"""

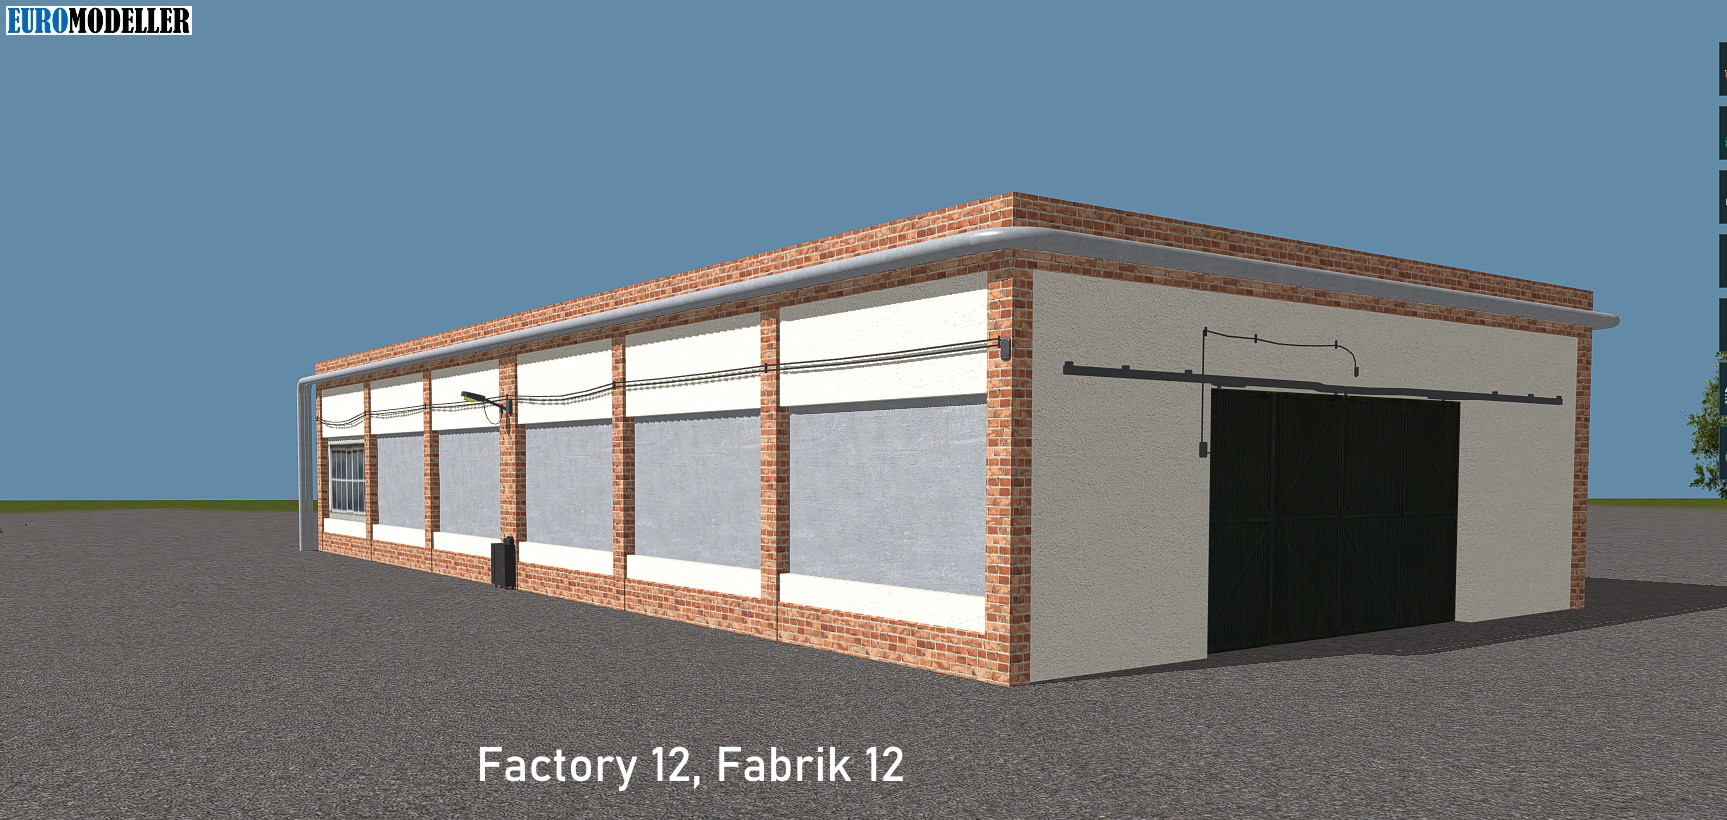 Factory 12, Fabrik 12
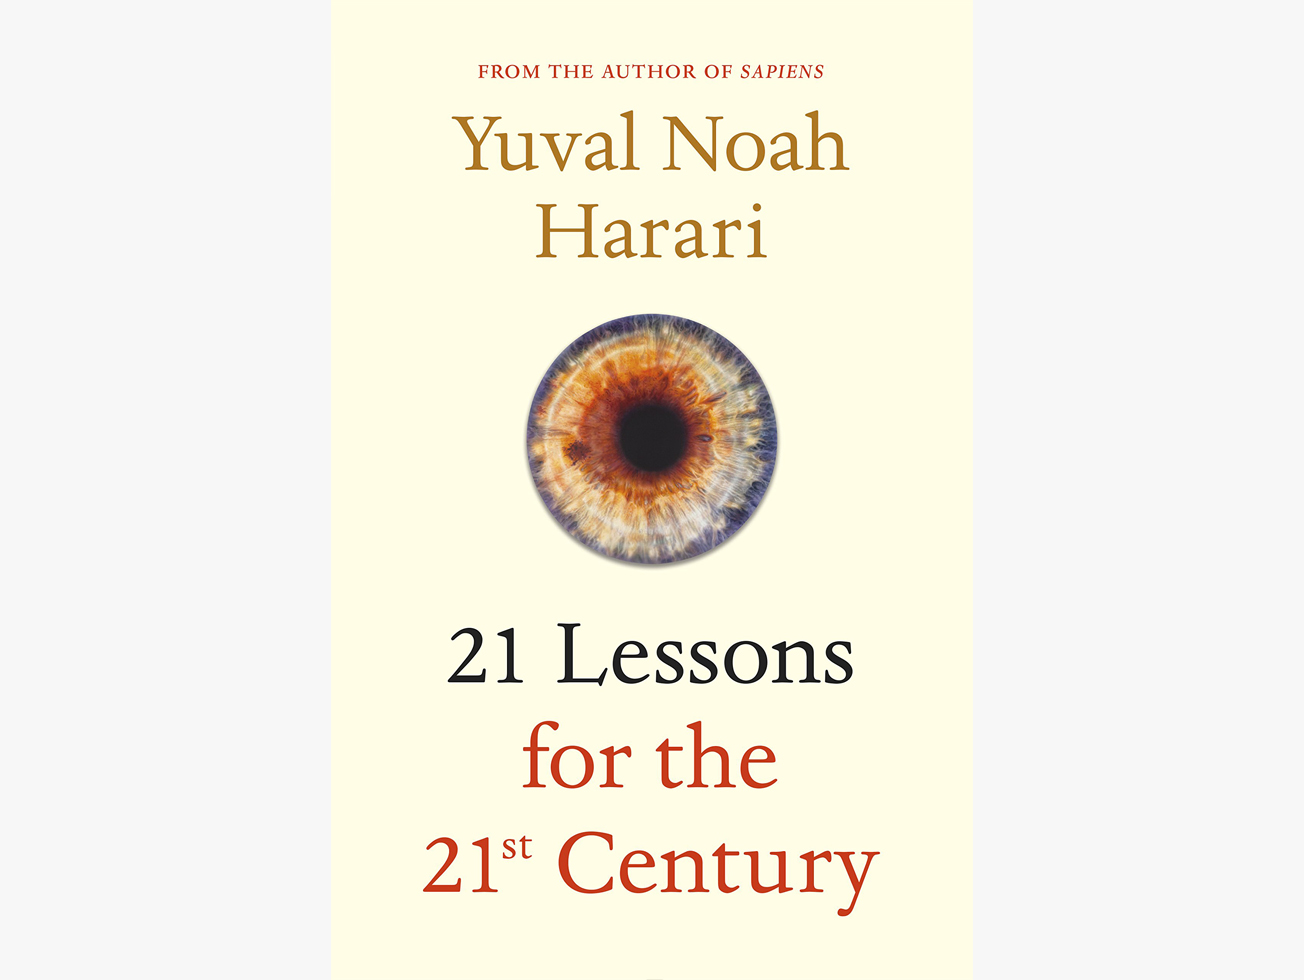 รีวิวและสรุปหนังสือ 21 Lessons for the 21st Century ของอาจารย์ yuval noah harari
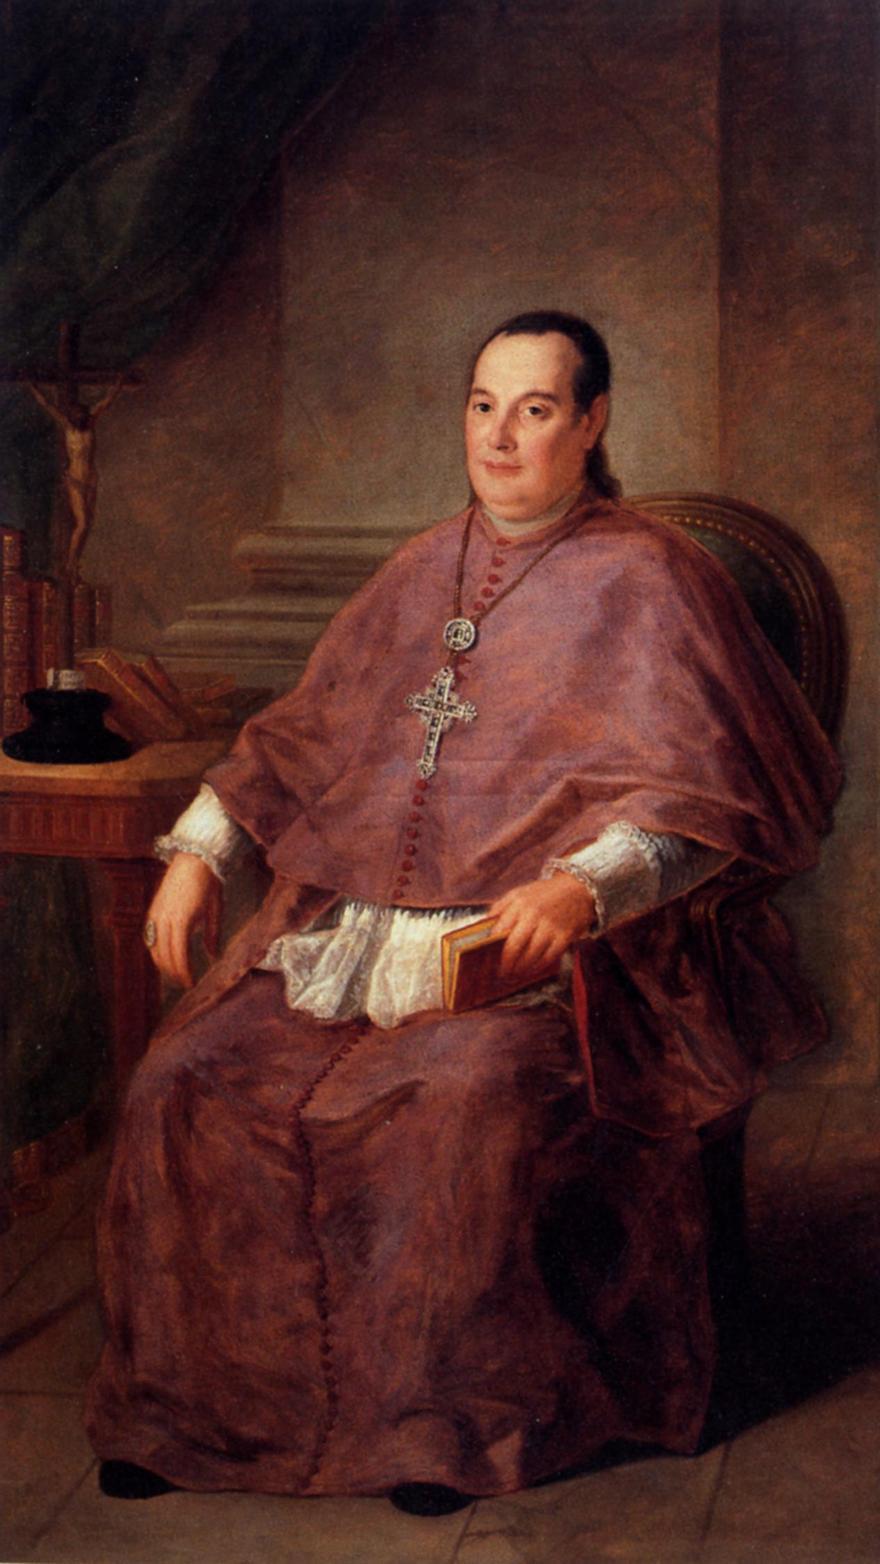 Retrato del Obispo de Canarias, el grancanario don Manuel Verdugo, a comienzos del siglo XIX
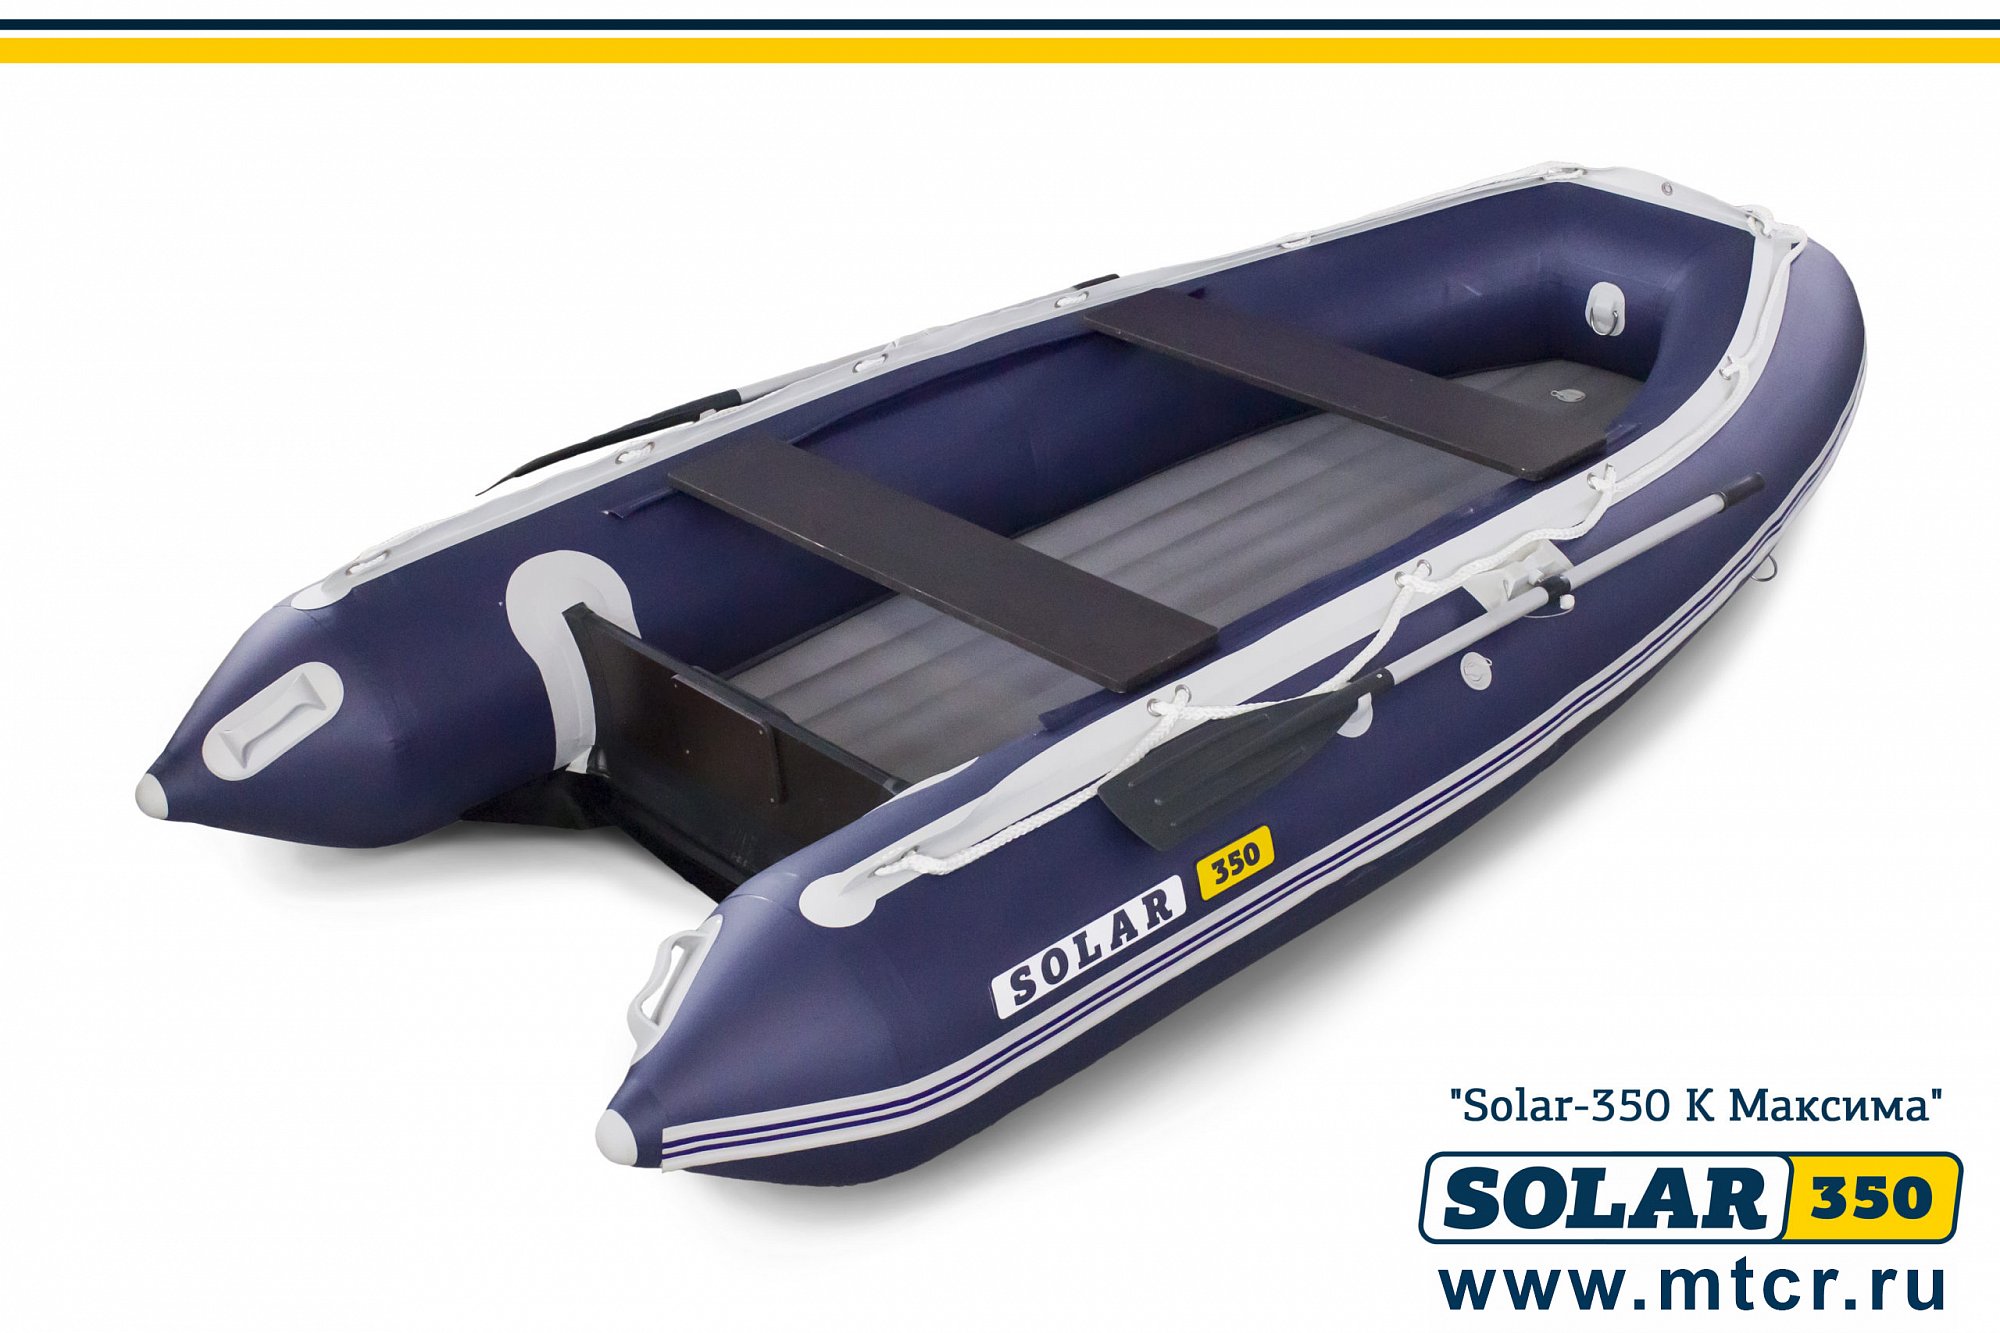 Лодки пвх нднд солар. Лодка надувная Солар Максима-350. Лодка ПВХ Solar-350 к (Максима). Моторная надувная лодка Solar 350. Лодка ПВХ Солар 350.
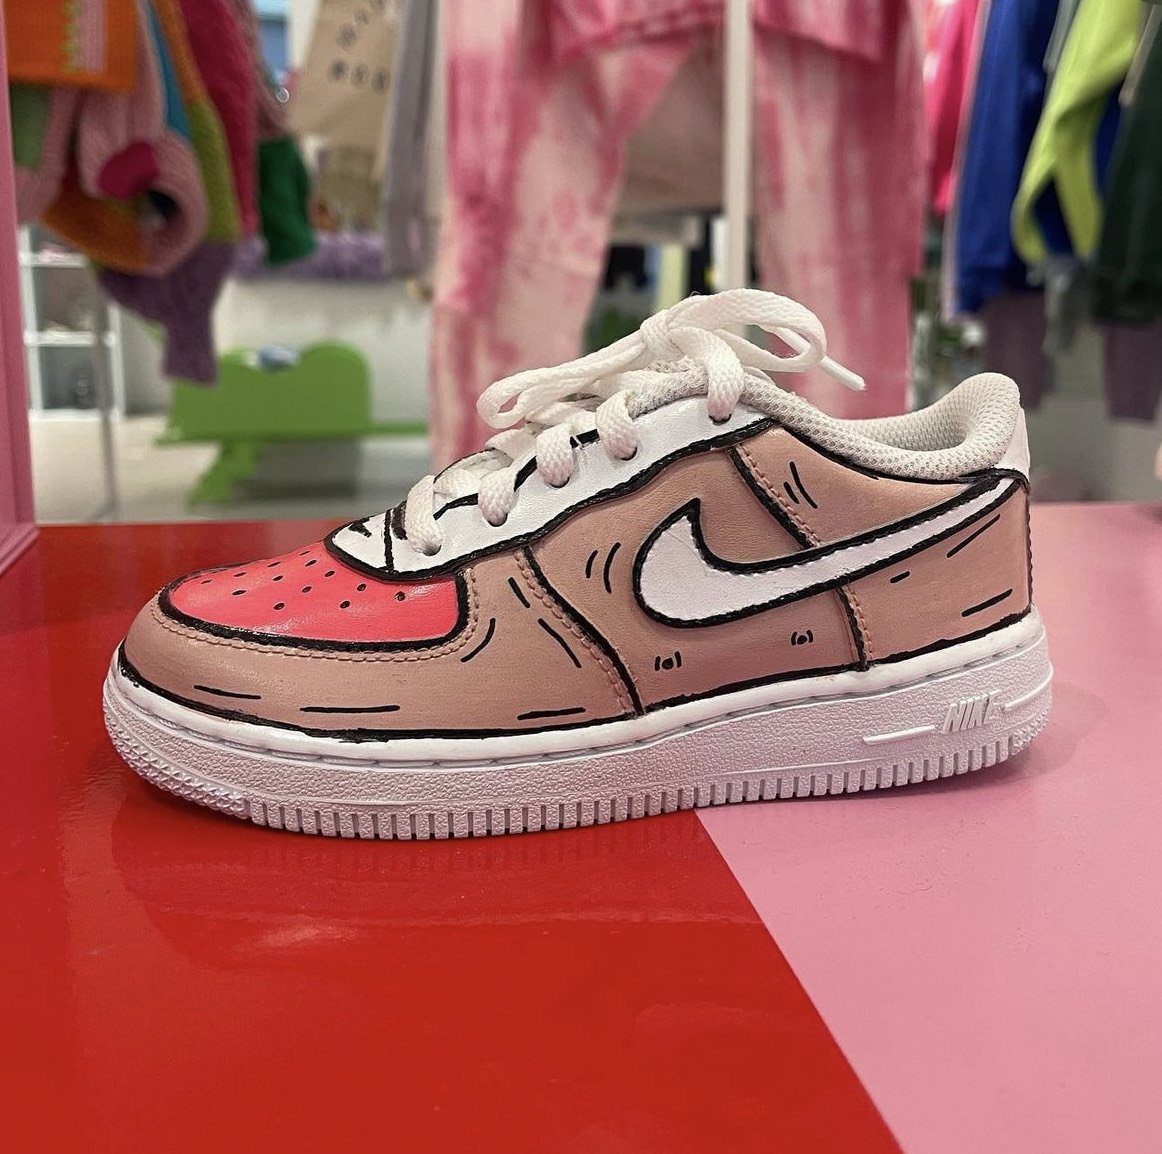 Nike Black Air Forces Cartoon  Painted shoes diy, Custom sneakers diy, Diy  shoes

"""

■ **Problem description**: Give every line above again exactly, omitting whatever pictures appear.

■ **Solution to this problem**:
 Factory 12, Fabrik 12
 รีวิวและสรุปหนังสือ 21 Lessons for the 21st Century ของอาจารย์ yuval noah harari
 Retrato del Obispo de Canarias, el grancanario don Manuel Verdugo, a comienzos del siglo XIX
 Лодки пвх нднд солар. Лодка надувная Солар Максима-350. Лодка ПВХ Solar-350 к (Максима). Моторная надувная лодка Solar 350. Лодка ПВХ Солар 350.
 Nike Black Air Forces Cartoon  Painted shoes diy, Custom sneakers diy, Diy  shoes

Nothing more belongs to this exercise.